TASK TO COMPLETE :: Transcribe the data as written, minus images.

AVAILABLE DATA ::
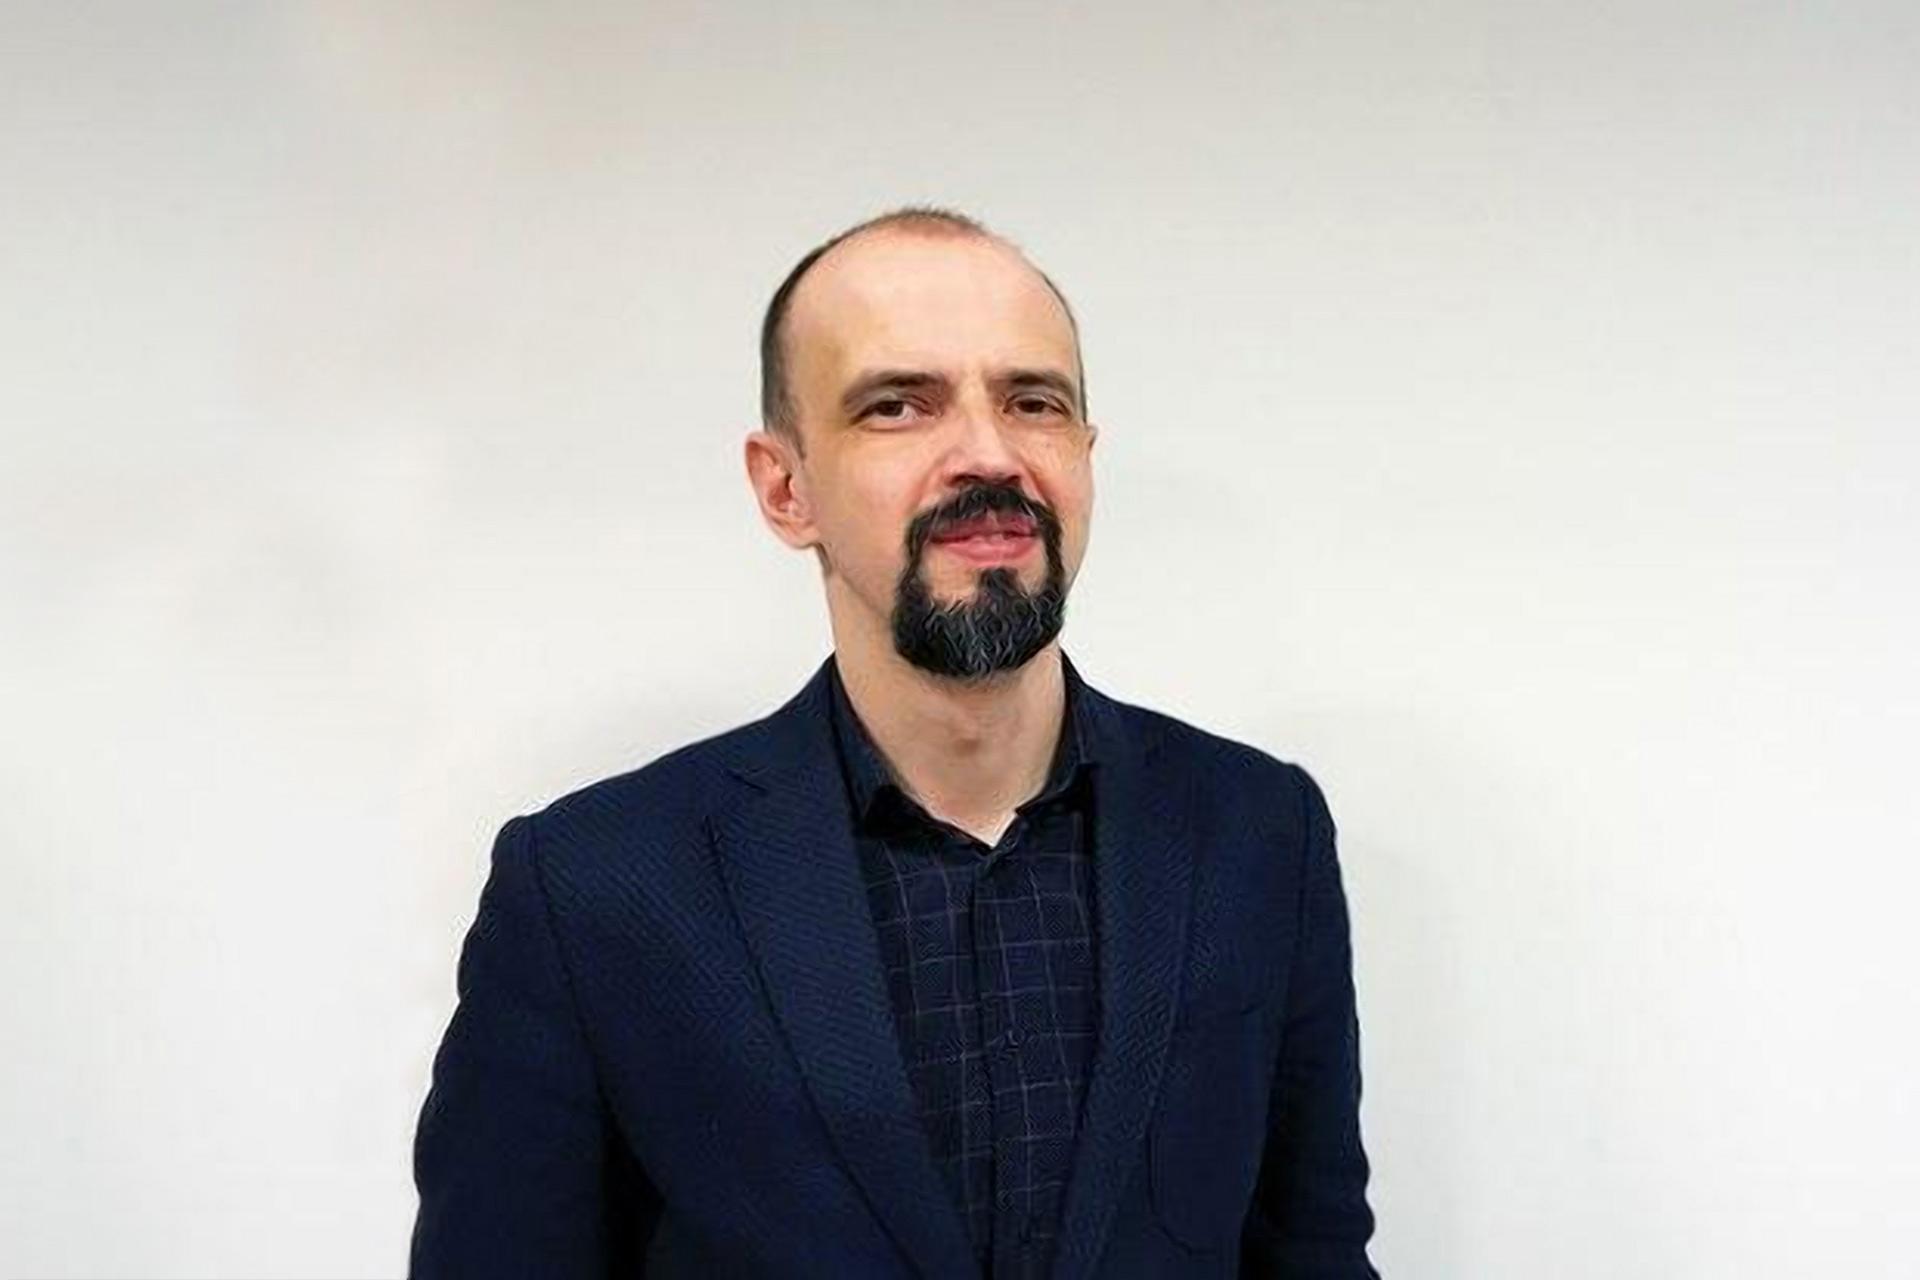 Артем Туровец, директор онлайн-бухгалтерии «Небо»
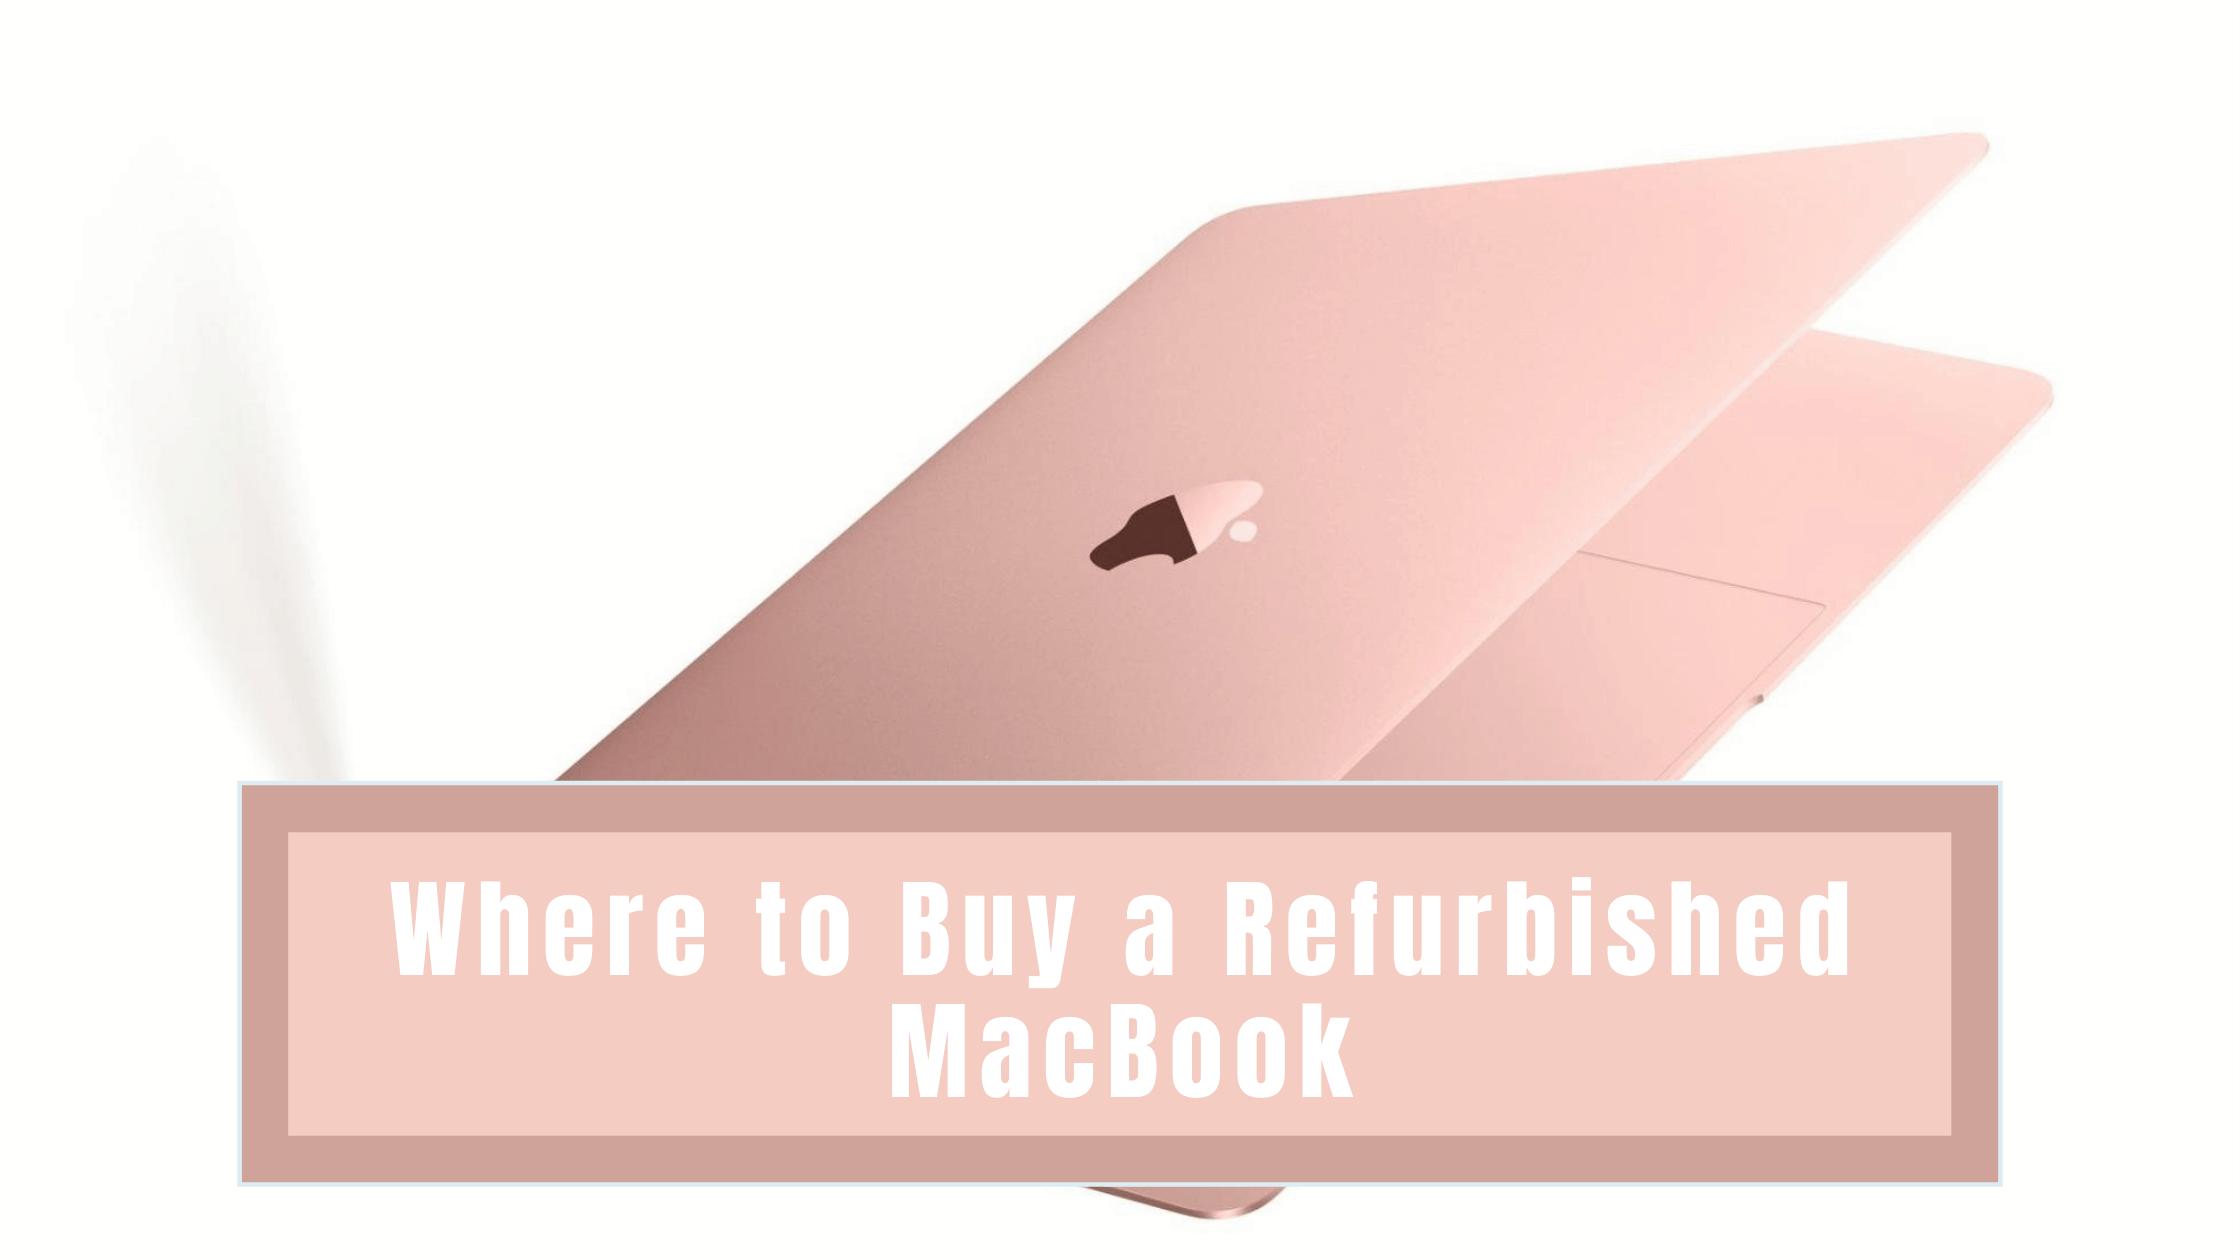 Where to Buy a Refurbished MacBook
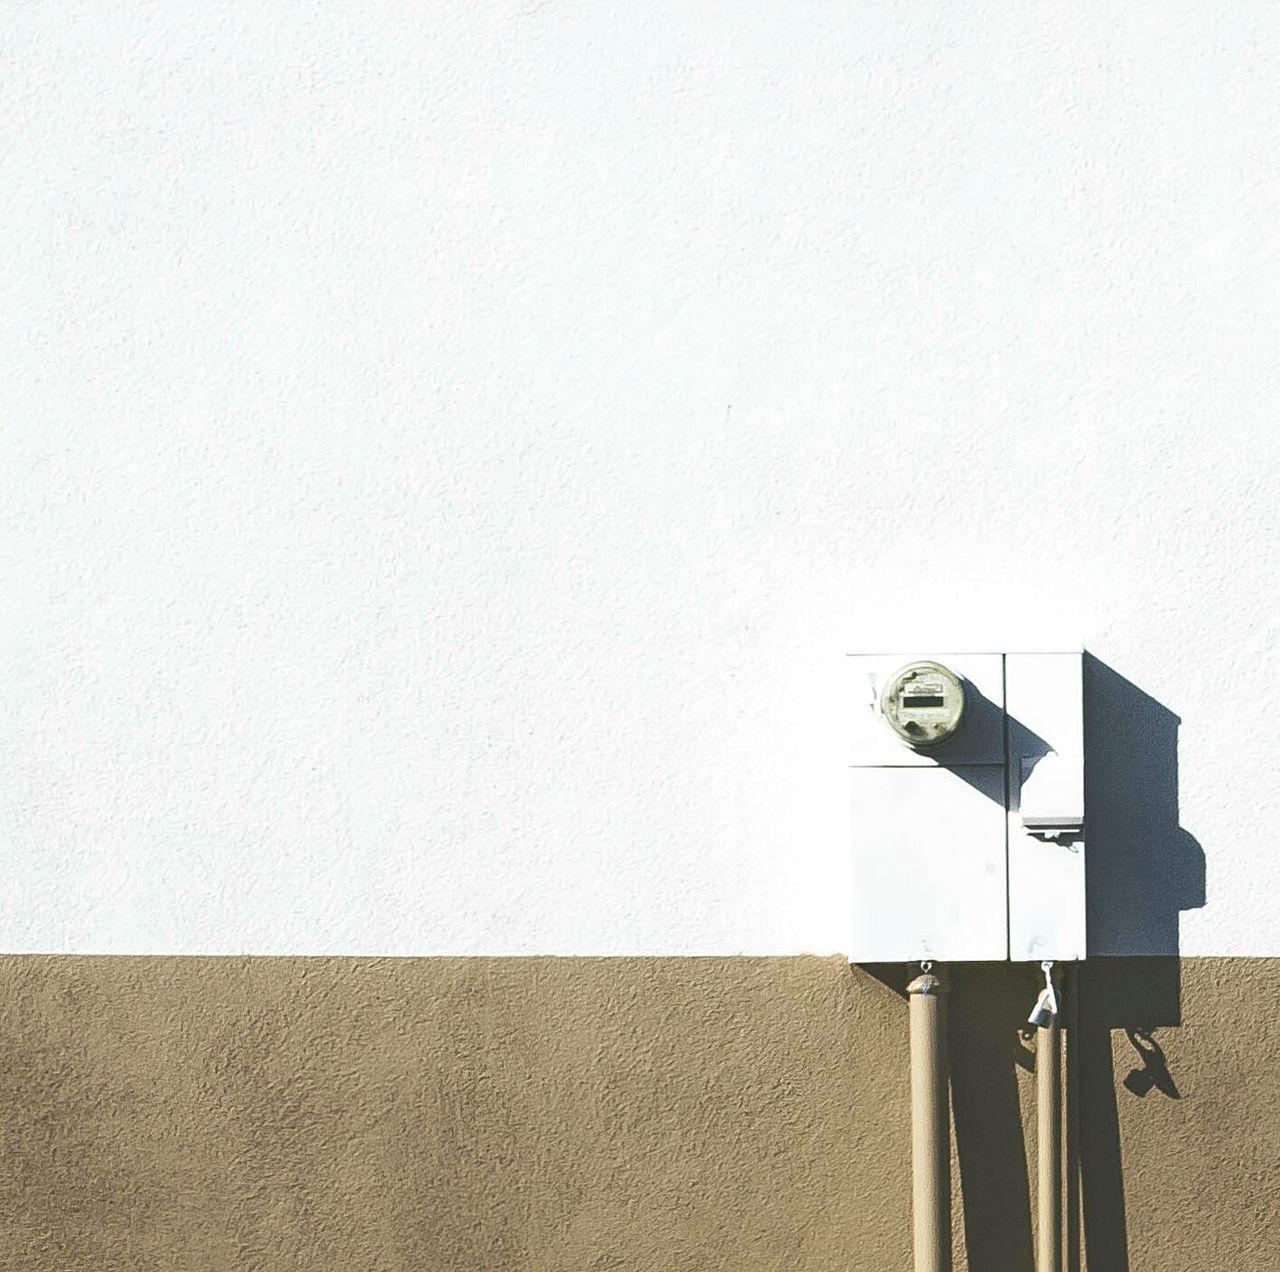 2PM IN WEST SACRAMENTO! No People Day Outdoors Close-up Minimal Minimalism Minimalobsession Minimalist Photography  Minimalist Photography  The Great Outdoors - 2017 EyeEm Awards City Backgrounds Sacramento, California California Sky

SOLUTION TO THIS EXERCISE ::
 Артем Туровец, директор онлайн-бухгалтерии «Небо»
 Where to Buy a Refurbished MacBook
 2PM IN WEST SACRAMENTO! No People Day Outdoors Close-up Minimal Minimalism Minimalobsession Minimalist Photography  Minimalist Photography  The Great Outdoors - 2017 EyeEm Awards City Backgrounds Sacramento, California California Sky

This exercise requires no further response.